Taken together, it’s all an appeal to the force of tradition.  I’m the first to admit that tradition carries a lot of weight, but I’m certainly not the only one.  Even my Lutheran pastor friends will privately admit that appeals to Scripture don’t always refute appeals to Tradition in their parishes.  Many a pastor has touched the third rail in proposing change, only to be vanquished by ardent church members armed with this fundamental truth:  “But Pastor, we’ve always done it this way.”  And of course they are right, even if “always” means the last year or two.

imageThere are good reasons to stand with continuity and stability, because they nurture individuals and families and communities.  But when they lead to lethargy, they can stifle and kill the spirit.

Conversely, change and development can be life-giving and renewing.  They can rescue individual monks and communities from the proverbial rut.  But arbitrary change that is not rooted in the fundamental tradition can be as disruptive as total resistance to anything that is deemed un-monastic.

All of this points to why God gave each of us brains.  Monastic life, Christian life, and all life for that matter, are works of art.  But the artistic process demands that we use our brains, particularly when we pray about things.  And when we’re done praying, God asks us to act.
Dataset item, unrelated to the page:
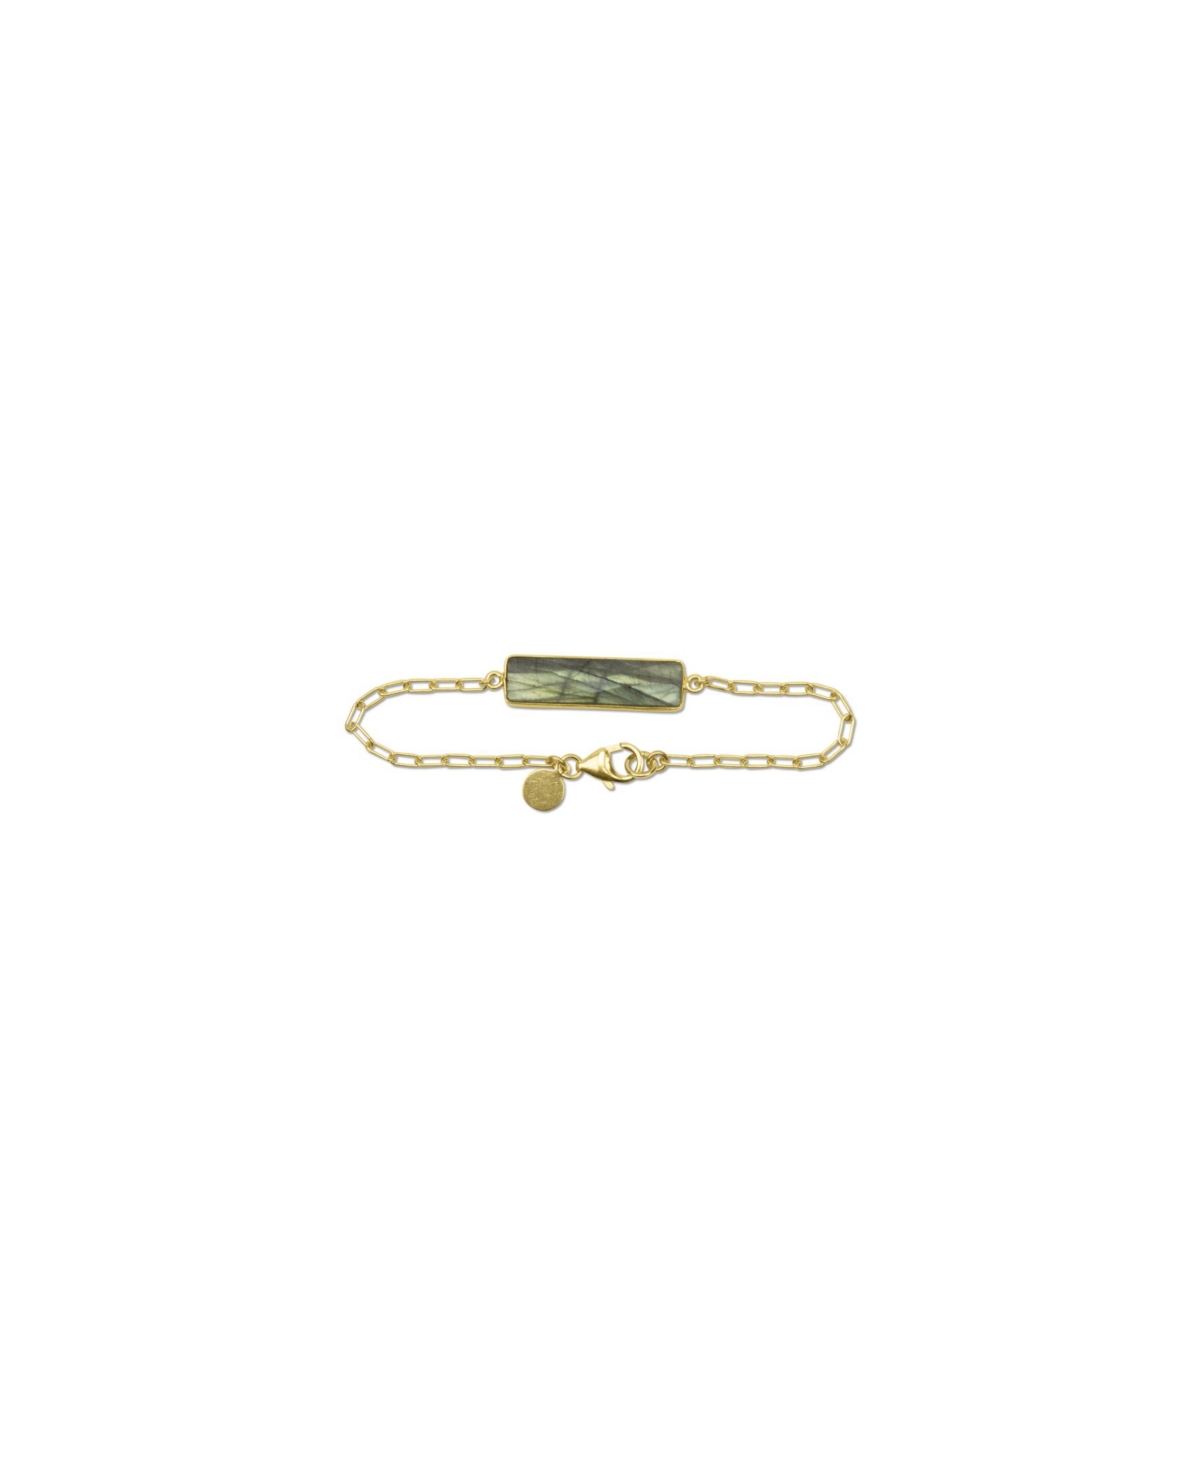 Bezel Set Labradorite Bar Bracelet with 14K Gold Fill Chain - Gold - Fill

imageAs for the current state of air-conditioning in our monastery, it’s a work in process.  We continue to pray about it.  Right now the old wing has it, and the new wing and the church do not.  Personally I’m now fully convinced that air-conditioning in the old wing is totally monastic.  In fact, it would be un-monastic not to have it.  Living in that wing for twenty years has convinced me of that.  And I will be totally objective and venture that an air-conditioned church would also be very monastic.  As for the new wing of the monastery, I will have to pray about that some more.  For now I think it would be un-monastic to have it there.  After all, we’ve never had it there, and Saint Benedict says nothing in the Rule about air-conditioning new wings of monasteries.  But I remain open-minded.  If someday I should have to move into the new wing, I reserve the right to change my mind on this.  And I’ll do it on a dime.


+During the past week I stayed home at Saint John’s.  But I savored the memories of time away this summer, including a visit to the former Carthusian monastery of Buxheim, in southern Germany.  It is most noted for its stunningly beautiful choir stalls, which are in extraordinary condition.  Remarkably, the complex remains largely intact, though only a few of the original hermits’ cells remain.  The pictures in today’s post all originate from Buxheim.
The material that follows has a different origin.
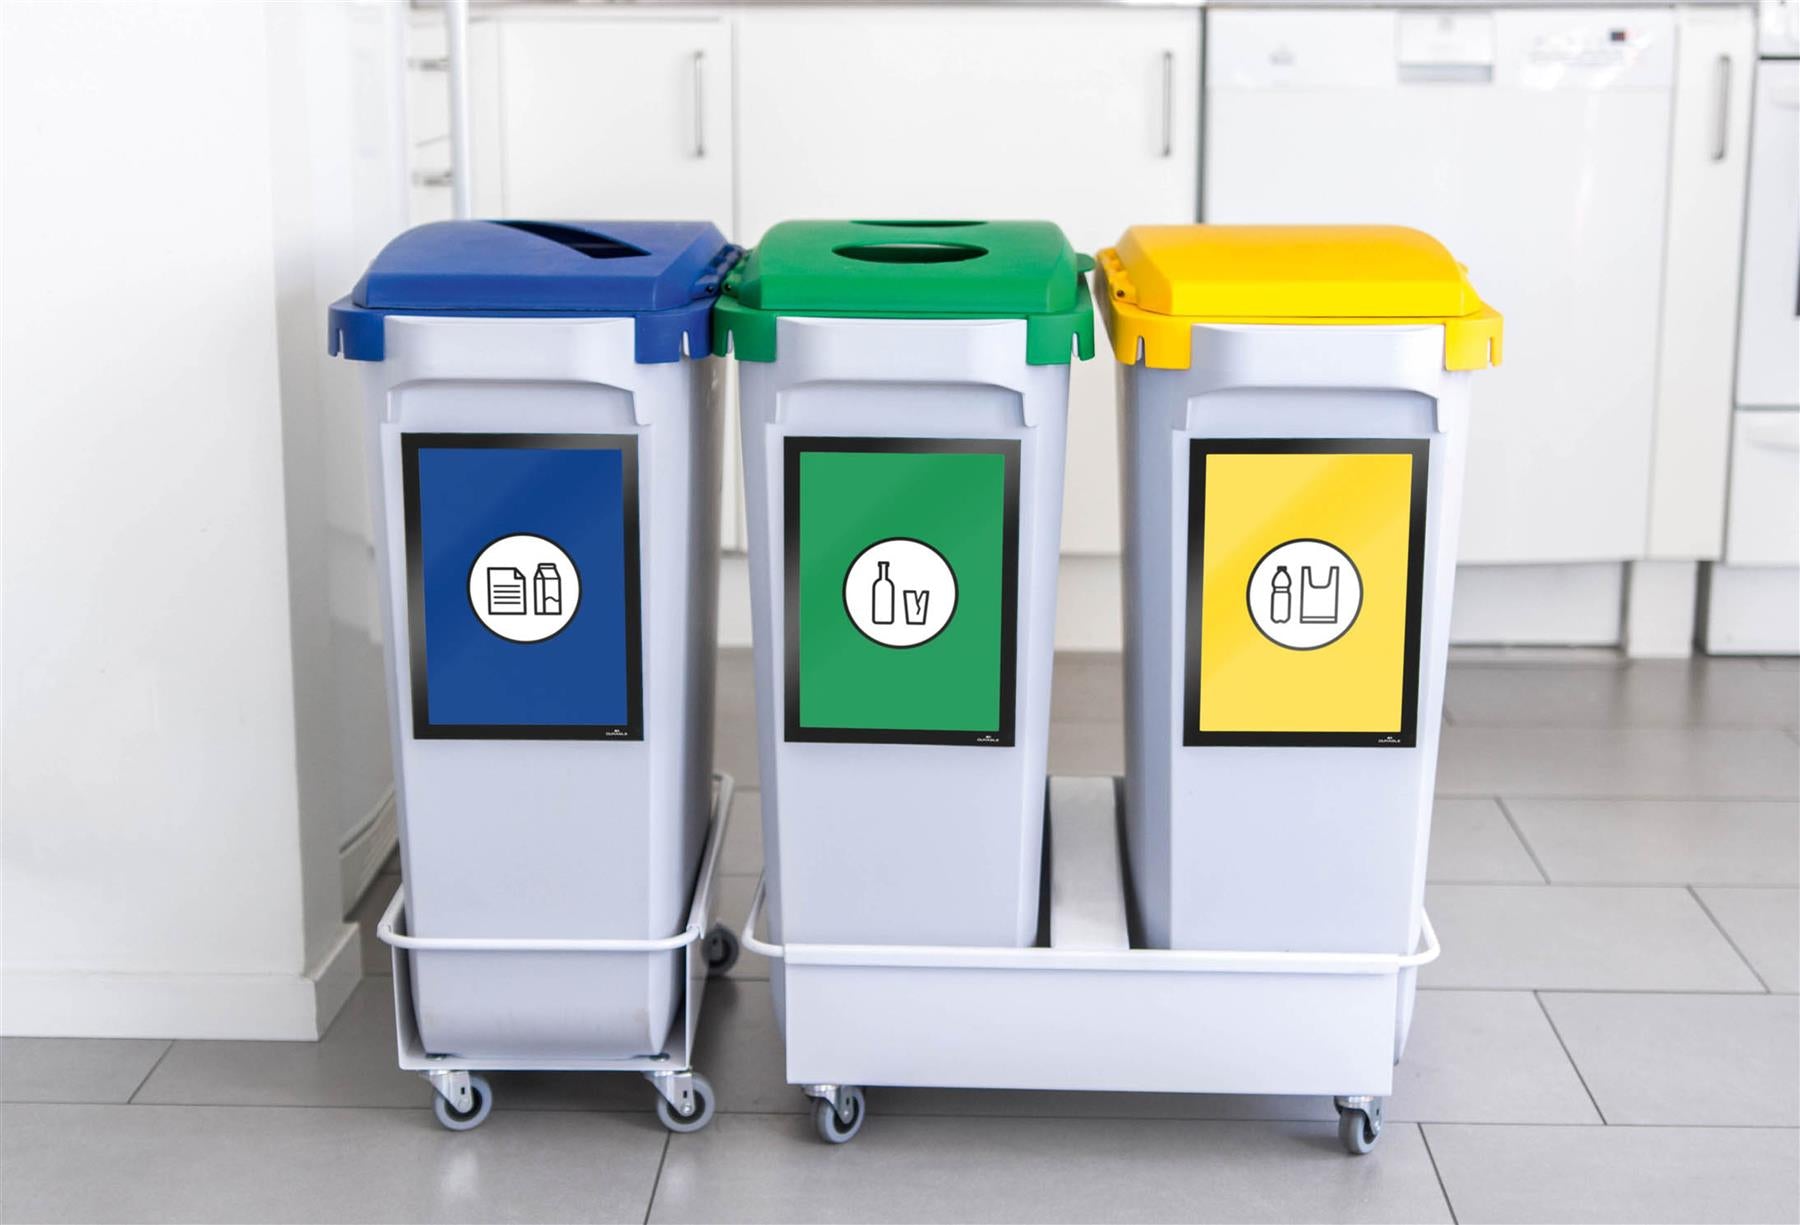 Durable DURABIN 60L Rectangular | Food Safe Waste Recycling Bin | Grey

+Our confrere Fr. Bob Koopmann has just completed a concert tour of Japan, during which he played at several halls both in Tokyo and elsewhere — including a recital at our priory in Fujimi.  This completed a sabbatical which took him to Berkeley and then to New York.  While in New York he participated in the production of one music video in which he played the piano with singer Fr. Austin Litke, OP, and violinist Leah Sedlacek, who works at the Catholic Center at NYU.  On his return to Saint John’s Fr. Bob will assume the title President Emeritus of the University, and he will resume teaching piano to a few very lucky students.